Tuesday, June 22, 2010

"You say you want a revolution, well you know - we all want to change the world..."

AMID the English civil war and the French revolution, an strange harmony reigns in the Dutch camp this tournament – so far.
Perhaps it’s all down to coach Bert van Marwijk giving impromptu performances on the piano in their team hotel’s lobby.
Or maybe they’re picking up feelgood vibes from their HQ’s location in central Johannesburg, near the exuberant heart of this World Cup’s capital city.
Van Marwijk expressly wanted his players to really feel - to use a 2010 World Cup buzzword – if not the full-throated ‘Ayoba’, or exhiliration, of the event then certainly a flavour of real-life South Africa.
Some of Spain’s players have even been spotted doing their own shopping in stores beside their base in Potchefstroom, near Johannesburg – about as close to ‘slumming it’ as today’s superstars get.

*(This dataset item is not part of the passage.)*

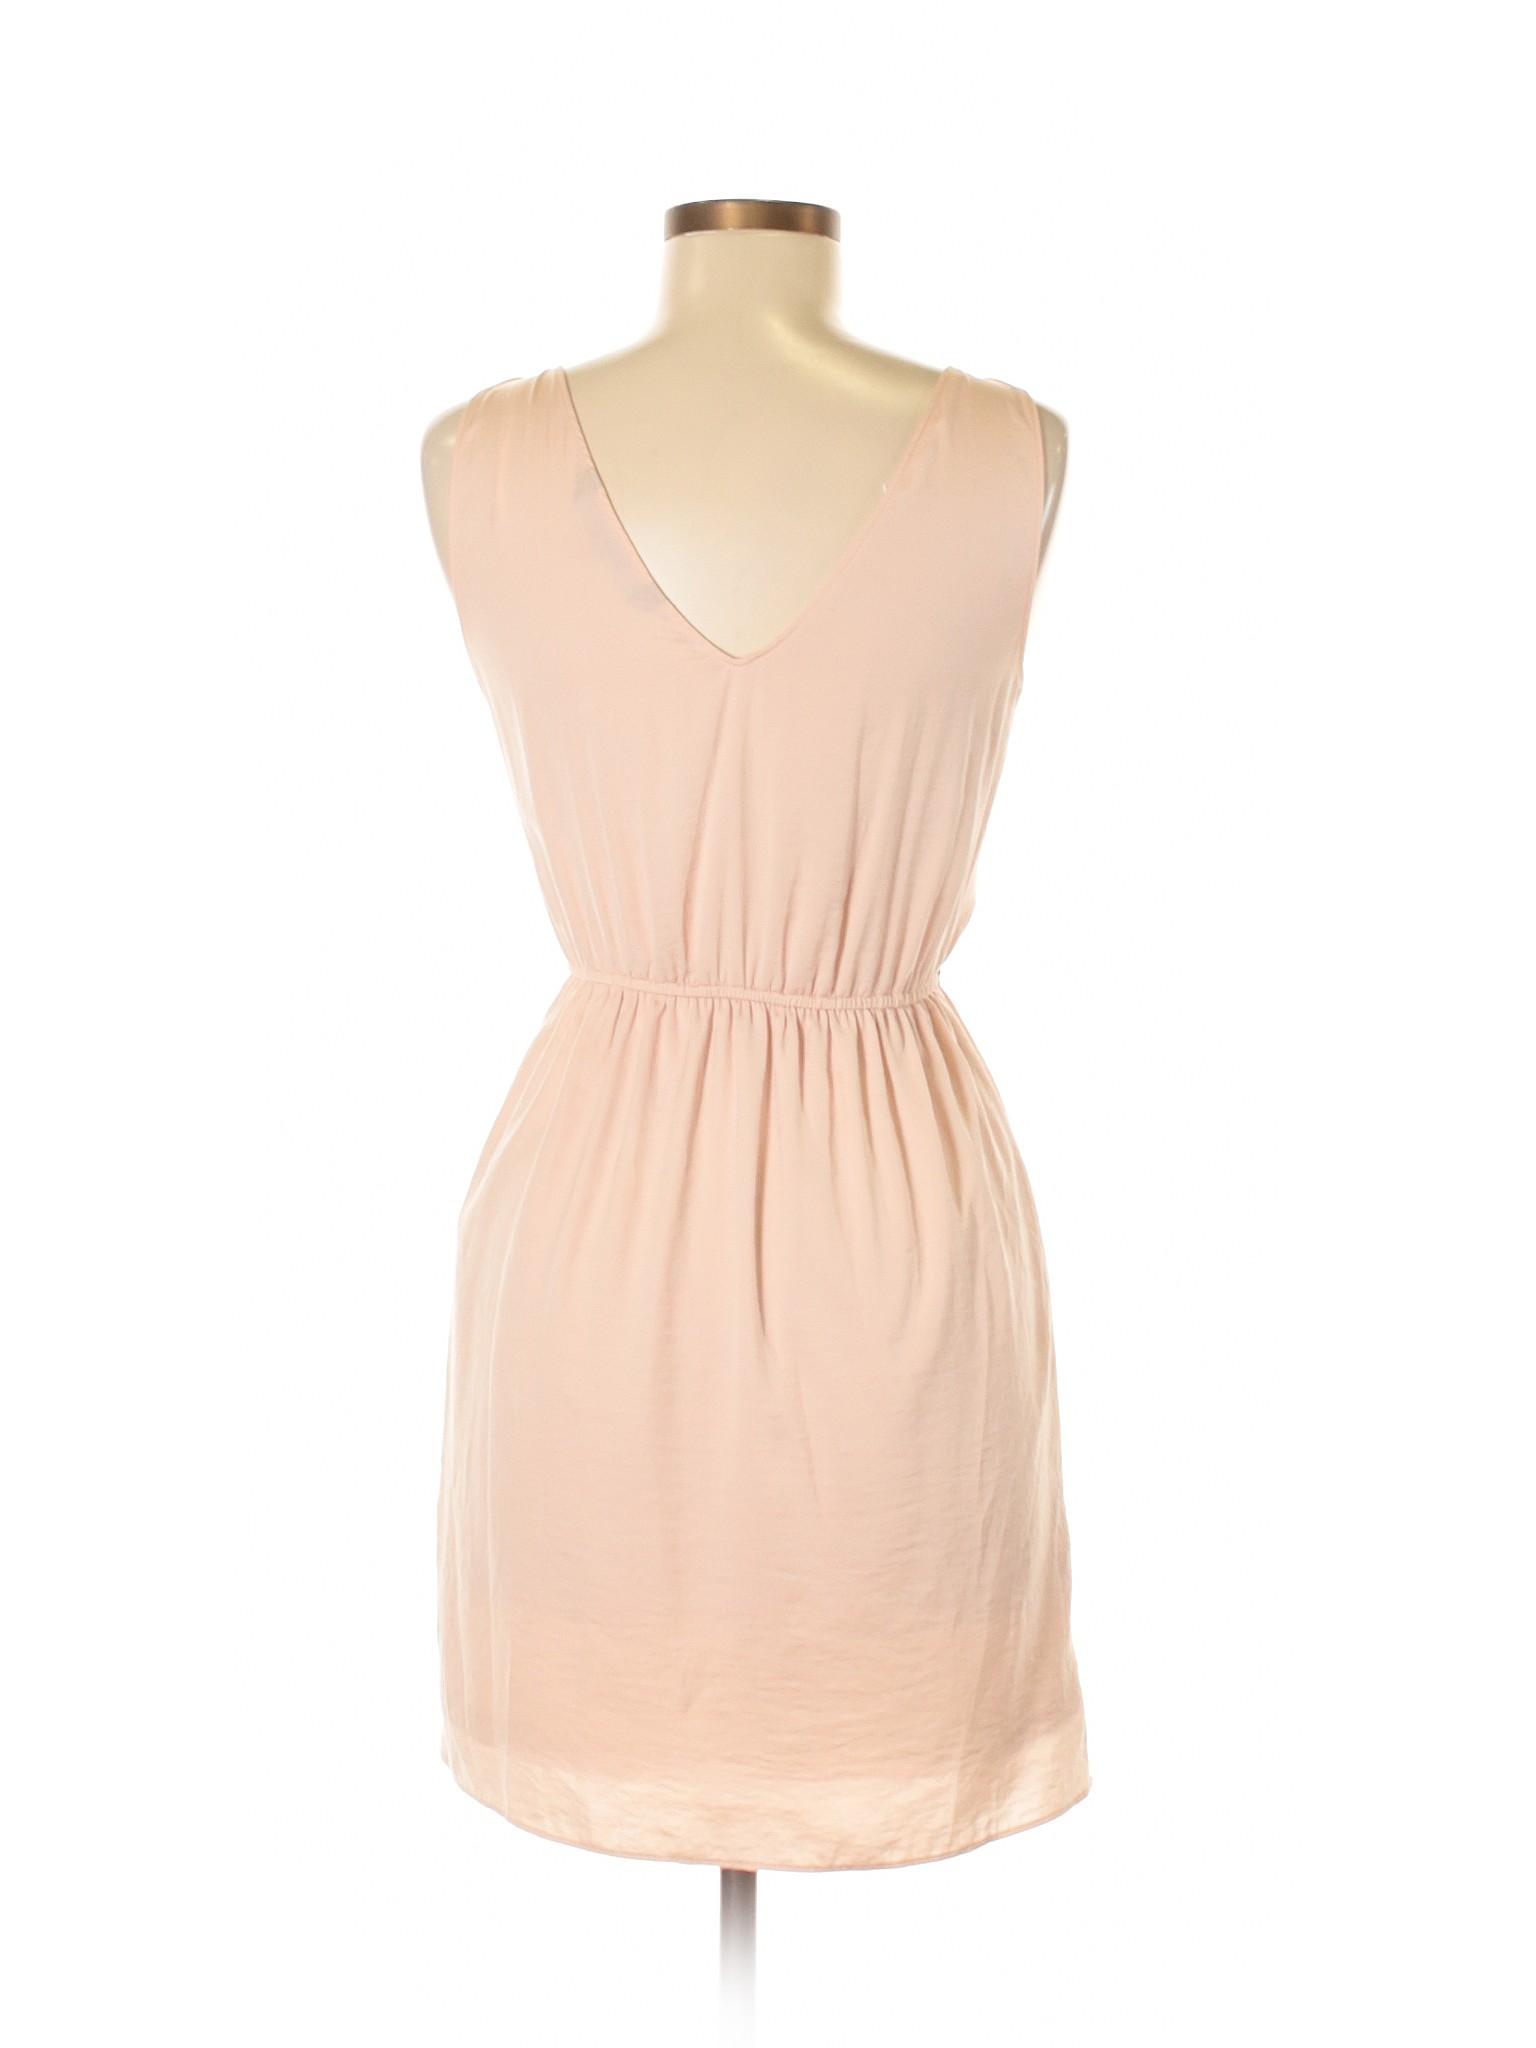 Trafaluc Dress Zara Selling by Casual BwZqnOx
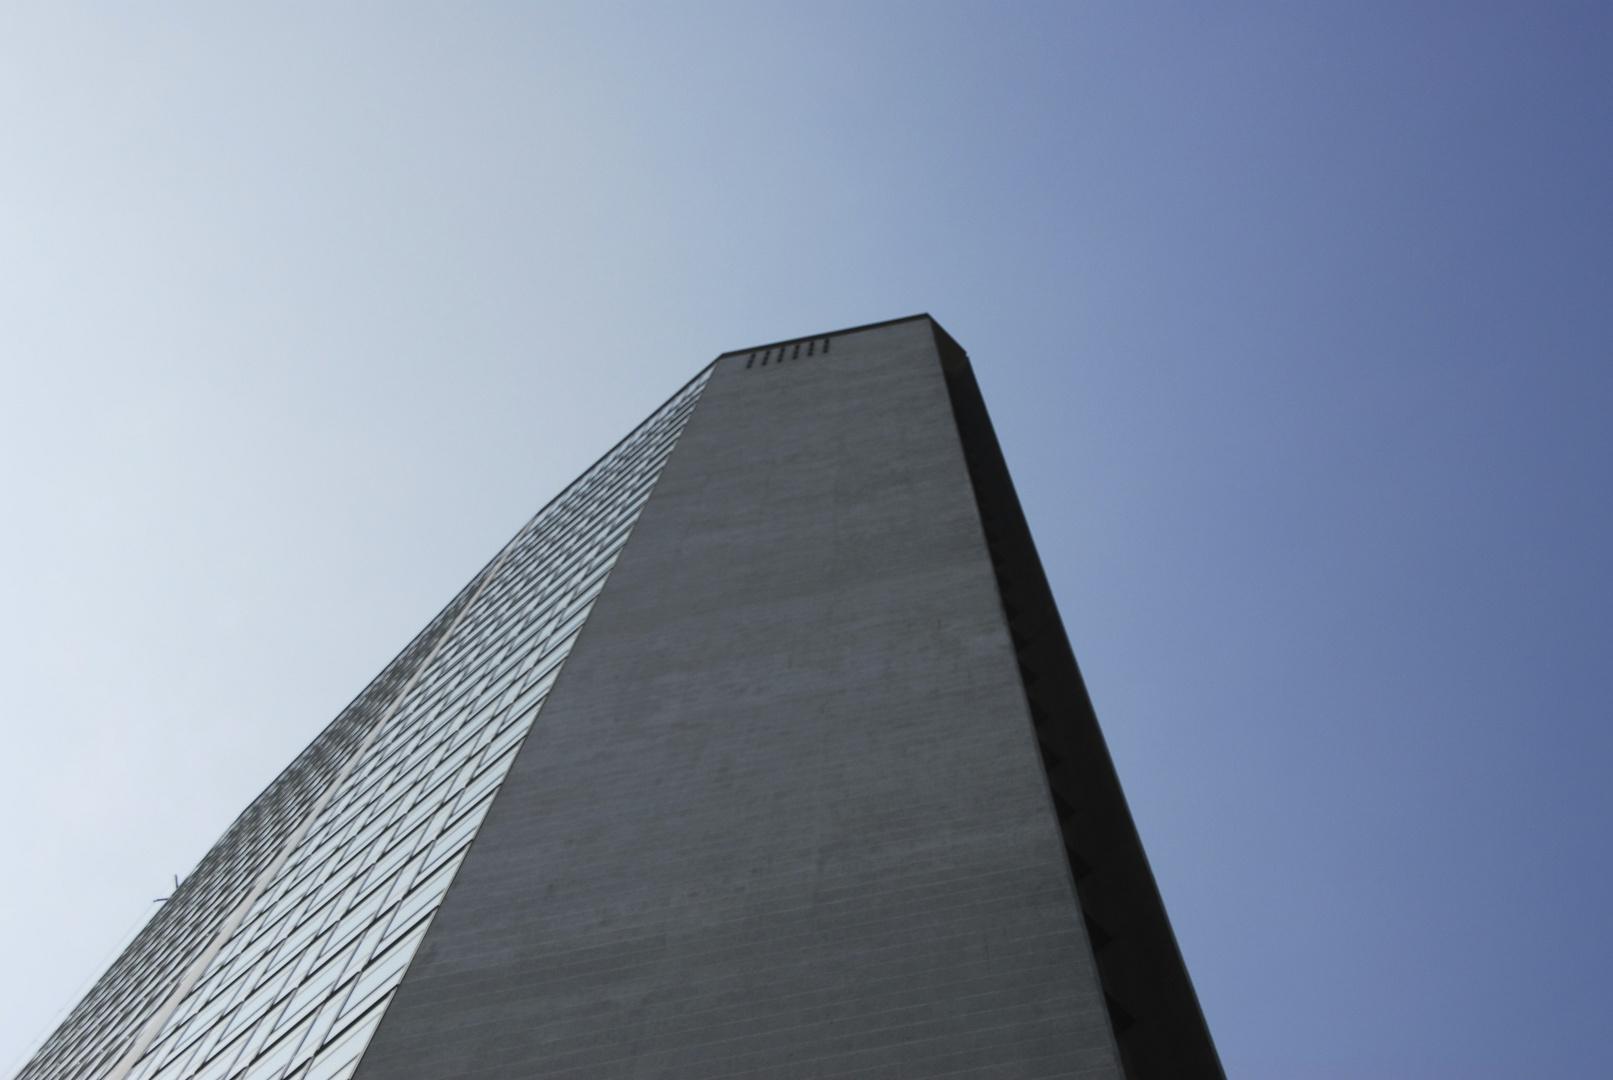 Pirelli building, Milano

Meanwhile, England’s incredible sulks stew in not-so-splendid isolation at their aristocratic Rustenburg pad, miles and miles of scorched and unspectacular velde away from the major cities.
The daily routine of ‘breakfast, training, lunch, bed, dinner, bed’ sound quite enviable, up to a point.
Wayne Rooney's grumble also calls to mind the exasperated complaint of Wilfred Brambell, when stuck with earlier Scousers in Beatle film A Hard Day’s Night: ‘So far I’ve been in a car and a room, and a train and a room, and a room and a room.’
Whatever the company, though, being cooped up in what Steven Gerrard has described as ‘five-star prison’ - even for five (fingers crossed) weeks - seems a scant enough sacrifice, and par for the World Cup course.
Bryan Robson, injury-prone as ever, developed blisters to become all-England (squad) Pacman champ as they languished behind armed guard, for fear of Basque separatist attack in Bilbao, back in 1982.
Simply calling up Jimmy Bullard and his ukulele – or a few Rustenburg neighbours toting vuvuzelas - would hardly guarantee a future as bright as the Oranje’s so far appears.
Nor does van Marwijk, like Capello, ever resemble a ray of sunshine himself, though both cantered through qualifiers before Capello’s sternness supposedly turned from asset to obstacle.
Meanwhile only a few flashes of pizzazz from still cruise-controlling Ballon d’Or contender Wesley Sneijder have lifted some Dutch displays almost as flat as Holland itself.
But without hitting the peaks, they at least know they’re sticking around in town for now.
A simple England victory today could mean the players’ hours suddenly start flying by – if not necessarily singing, then winning’s a handy counter-revolutionary tactic.